But but one thing to note is that when the the engineers look at what's going to happen in the future, there could be a disconnect between the type of data. Historical data is looking at the actual numbers of attendees, but the stuff that's being estimated is, of course, not known yet. So continuing on with the example, imagine that they look at the different popcorn sales. They they merge that with the attendance dataset. You're doing what looks to be a pretty decent, you know, model fit with the data you have. But now when you start to do predictions, when you look at the month of September and knowing that the month of September is giving you slightly different types of values and you see that the estimates are in the line plot that he shows here really inflated, like massively inflated from what we see the model saying in the previous month of August. So and the takeaway is that the model is predicting or predicting popcorn sales in the future are going to be double what they see in the month of data that they use to train the data.
That doesn't quite check. So doing a little diagnosis, doing some nice little distribution plots, you see that the pattern of attendance doesn't look anything alike. They look heavily skewed in September compared to the more balanced month of August. And why is this? Well, the estimated attendance figures in September were based on the capacity of the movie theater, the number of seats inside, which is different, of course, than what the actual measures were back in the month of August where they used actually the number of people sitting in the theater at that time. So this is illustrating a case where maybe there's a bit of a disconnect in terms of the type of data that's going to go into your forecast versus the type of data you're using to train the data. So to motivate what John would do in this, you know, solving the issue, instead of using the actual number of movie attendees in August, he recommends moving using the capacity of the theater as additional or replacing the metrics with the capacity numbers instead. And when you do that, then you get data that looks more realistic in his opinion compared to what we saw before.
So my takeaway from this is being consistent with the type of measures you're incorporating in both your training and then eventually your your val your validation or your future prediction set as compared to mixing the different types up. Even though they are technically the same variable, they are in much different context. So this is something I haven't really encountered myself because I'm not as much into the forecasting realm of it, But I could definitely see how this might be a bit of a monkey wrench to a certain, you know, say, to scientists or statistician that see such wildly different metrics when they look at their predictions versus what they actually observe. So interesting thing. I'll probably have to do it on that a bit more, but it was an interesting illustration of what can be a disconnect but hopefully isn't when you have harmony between the engineering of data side of it and the actual data scientist or statistician side of it. So a little bit of food for thought for your prediction,
[00:29:37] Mike Thomas:
adventures in the future. Yeah. Eric, like you, we don't do a ton of forecasting as well, you know, or more along the lines of machine learning and and some Bayesian regression analysis and things like that. But I really appreciate sort of just the the ideology here that as data scientists, we need to do a great job of articulating the work that we're doing. And, you know, in the conclusion here, John has this this quote that really stuck with me, and it it says, you know, most date time questions, unfortunately, you know, can't be simplified down to, you know, what's the prediction for date x? You you really need to ask a question that's more like, you know, what's the best prediction for date x using a model that was trained up through what was known at at date y and taking inputs known up through date z.
So you have sort of these these three different moving time components here, and that's where it gets into the discussion about bitemporal databases that allow you to see what data look like at at different times. And, it resonates a lot with me. It makes me feel like, you know, this AI can't automate our jobs as data scientists because there's so much nuance and and so much that we have to caveat and make sure that we are, articulating correctly. You know, I I had a presentation on on AI recently, and, unfortunately, you know, as much as I like to not look at my notes when I'm giving presentations, the way that we communicate these things is really, really important, and the words that we choose is is extremely important. So I I find myself, you know, making sure that I am spending a lot of time curating my notes for presentations like that when I'm communicating concepts around, you know, machine learning or or AI or statistical modeling, whatever we're calling it these days.
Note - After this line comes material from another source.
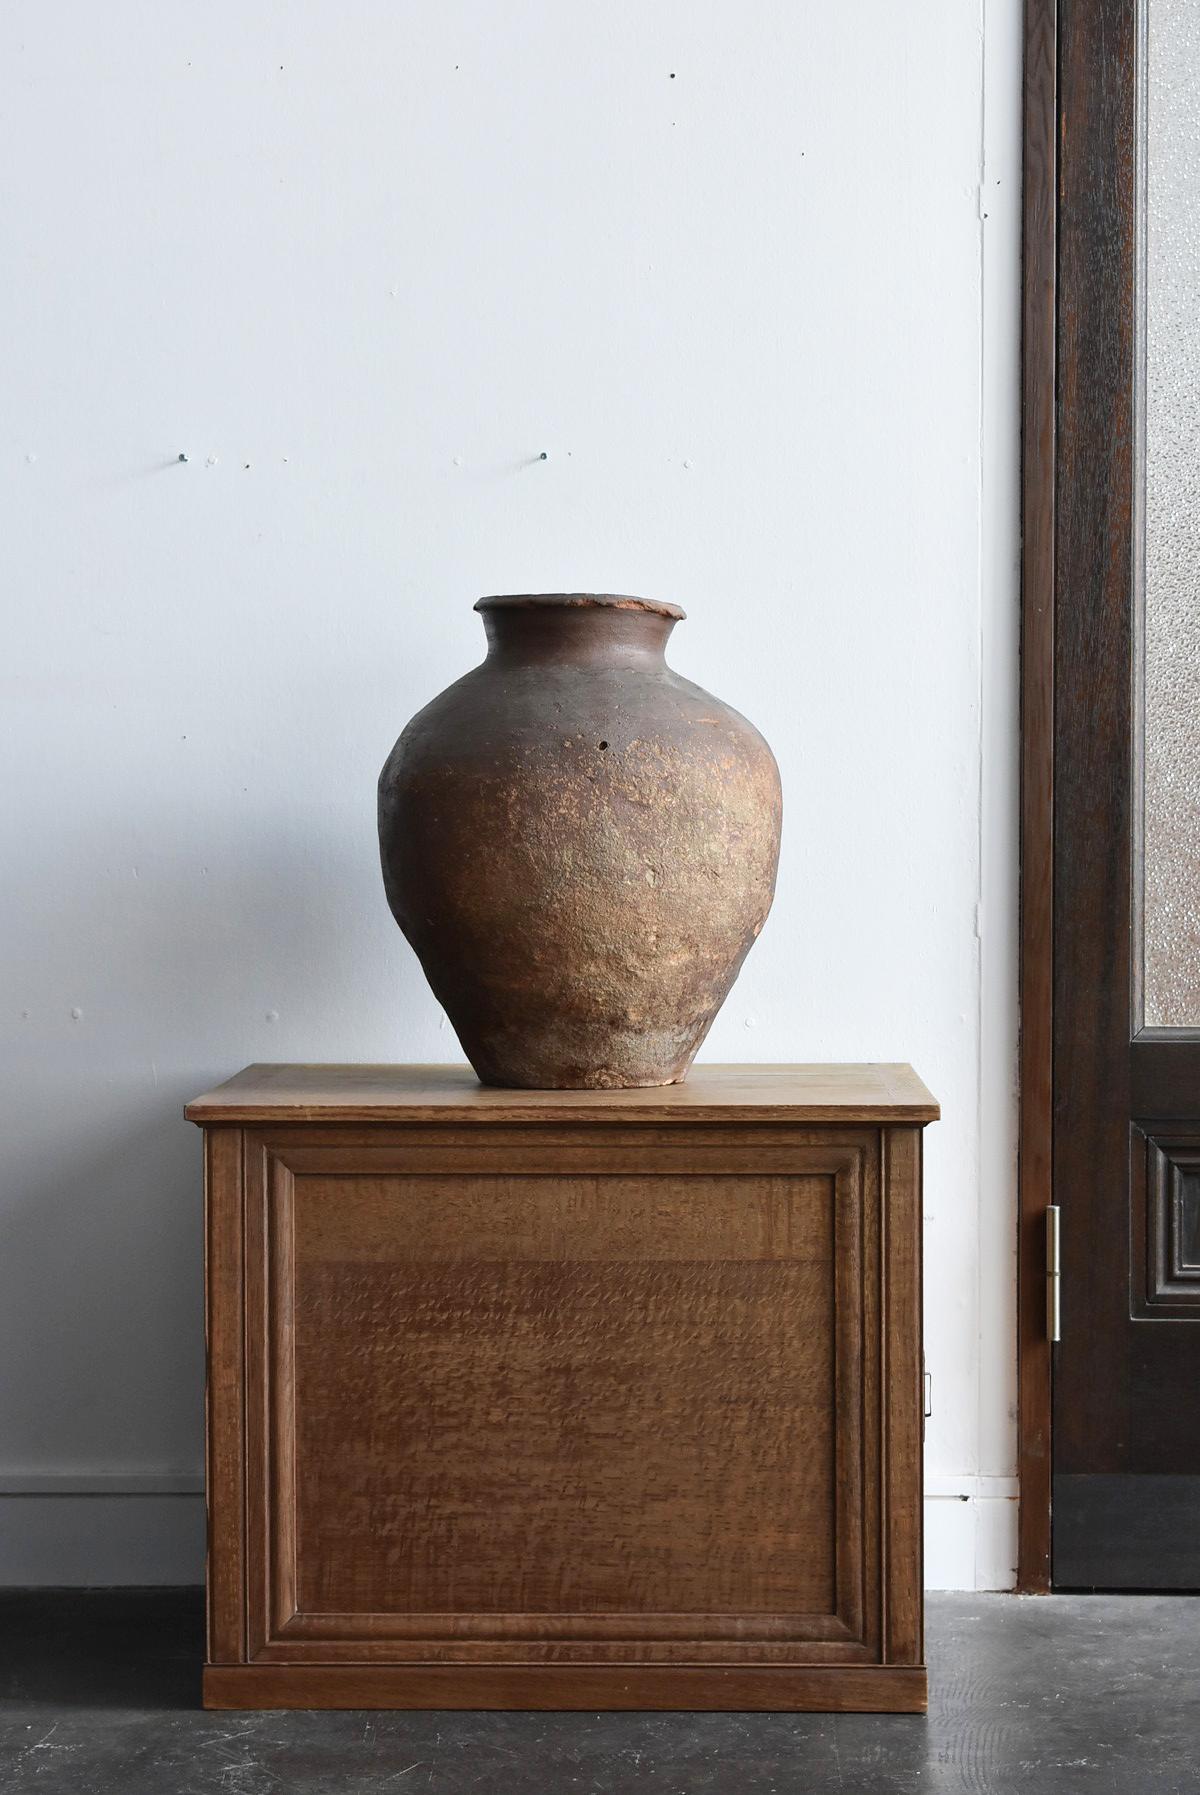 Other Japanese Antique Jar 1400s-1500s / Antique Vase 'Tokoname' / Wabi-Sabi Art
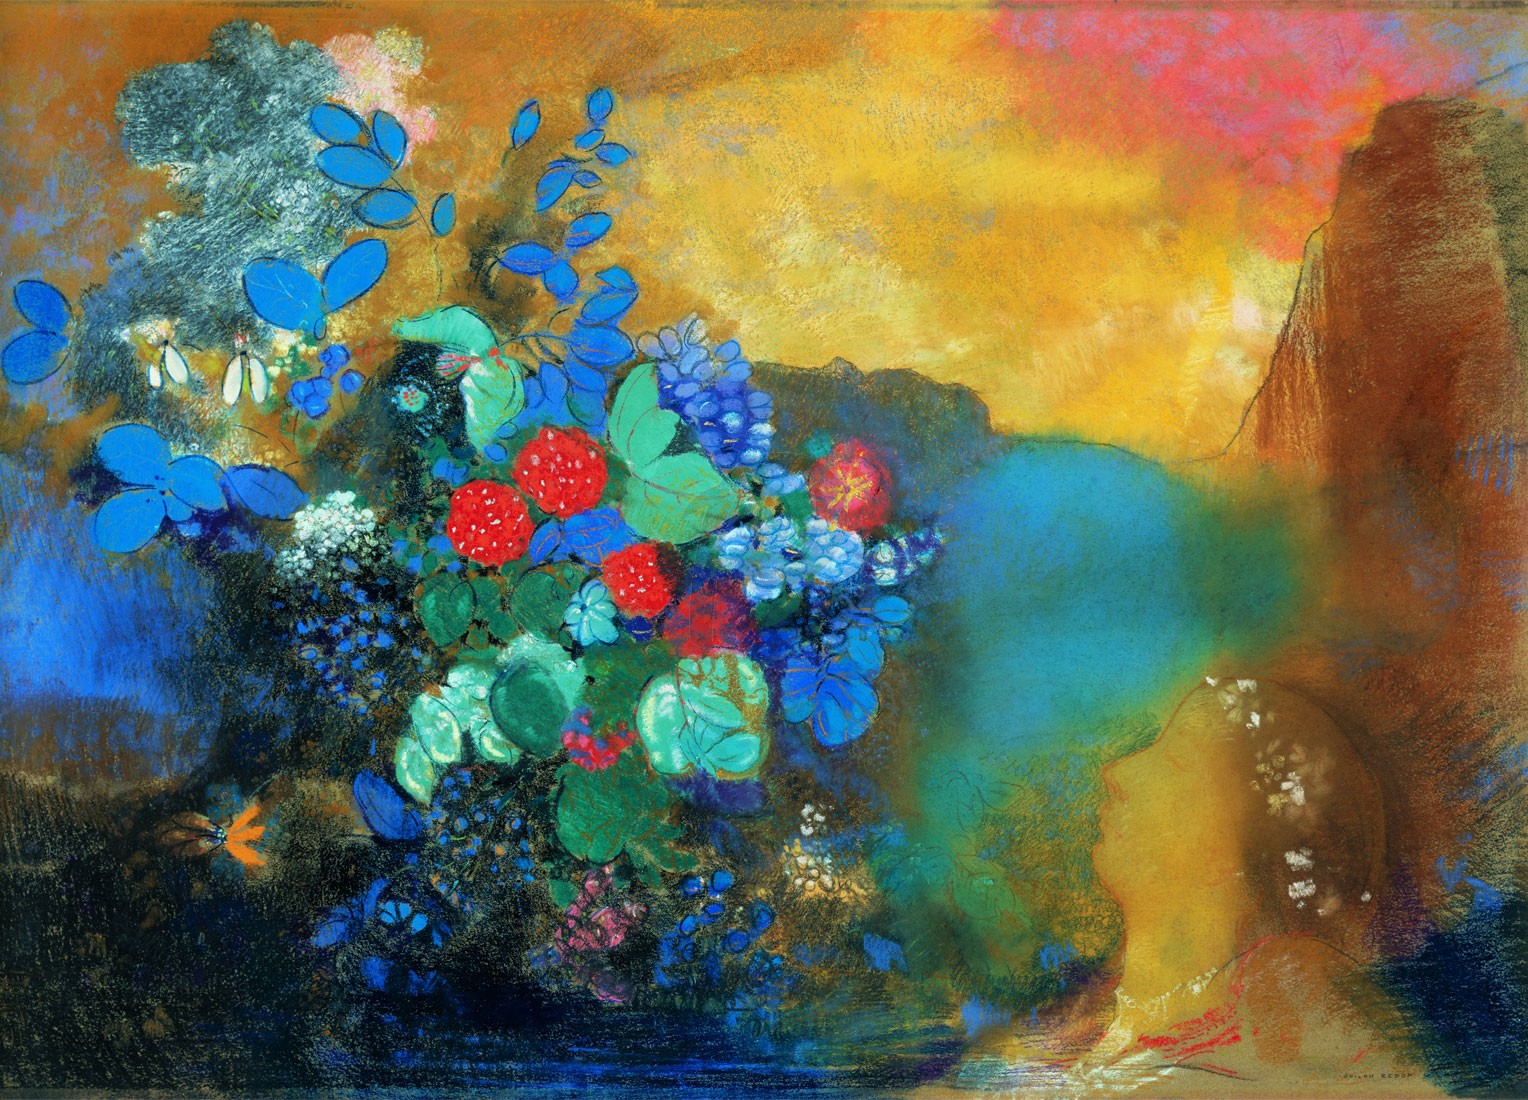 Odilon Redon - Ophelia among the Flowers (Hand-Painted)

But but, really, that attention to detail and making sure you are explaining things, concretely for for end users is is really, really important because there's a lot of nuance going on here. And I think that, you know, unfortunately, out there in the wild with, you know, a lot of the, maybe, automated machine learning, I saw, Shannon Maklis post something recently where I think that the latest version of some sort of GPT, allows you to just upload a data set, and it'll make predictions for you. I don't know if you saw that come across, Mastodon. Yeah.
But, you know, that made me sort of hang my hang my head in sadness. And I would imagine that if John had seen that post, he he might be doing the same thing as well. So, you know, I appreciate John taking the time to to level set us on the importance of how nuanced, predictive modeling can be.
[00:32:19] Eric Nantz:
Yeah. And a lot of times, you may not really see it again until you look behind the scenes, so to speak. You look at the quality of your model fit. It's not just that p value. You've got to look at what's really happening in the actual trend of your prediction versus observed and looking at that time course. Yeah. It it's very powerful to have that critical eye looking at this carefully. And, yeah, we we cannot expect realistically that we're gonna have AI be able to figure out all those nuances. Certainly, there's a lot of responsibility at play here. That was a a similar theme to what I heard at the recent, Gen AI and pharma conference I was helping out with yesterday when we were as I'm recording this, that nobody had the illusion in our our speakers about this taking away anybody's job. And in fact, we just it's evolving the types of skills that we're we're gonna need to navigate this, but to do it responsibly and making sure that we're looking at these with the right lens.
And there is even some good talk about having the terminology be consistent or or adopting new terminology sometimes when you look at the evaluation of these models compared to when we look at in codevelopment or or maybe application development concepts of CICD. I'm looking at, you know, regression testing and things like that. There are starting to get equivalents of that on the model assessment side of it, but it's quite different in the AI space. So I'm even, as I speak, trying to learn the best way to translate some of the things I know from traditional statistic model building, traditional, you know, software development to this new age of augmenting with these AI tools. And even though this wasn't an AI post, you could definitely see something like this happen if you're gonna use some of these resources without a lot of care in front of it. So yeah. Great. Great. Again, thought provoking post that I can't wait to dive into more.
And with that, there's a lot more to dive into in the rest of the r Wiki issues. So before we wrap up the show, we'll take a couple of minutes for our additional finds here. And for me, I don't know about you, Mike, but I I like to, keep my GitHub, you know, repos organized with, you know, very, clear issues and with that and project boards. But with that in GitHub, one of the features I use a lot is the concept of labeling. And I got a pretty good handle on how to do that for my actual development projects, but this this, additional fine I wanna call out here is coming from Greg Wilson from the rOpenSci blog about some of the types of labels he uses, not just codevelopment, but also actual manuscript and, you know, course development.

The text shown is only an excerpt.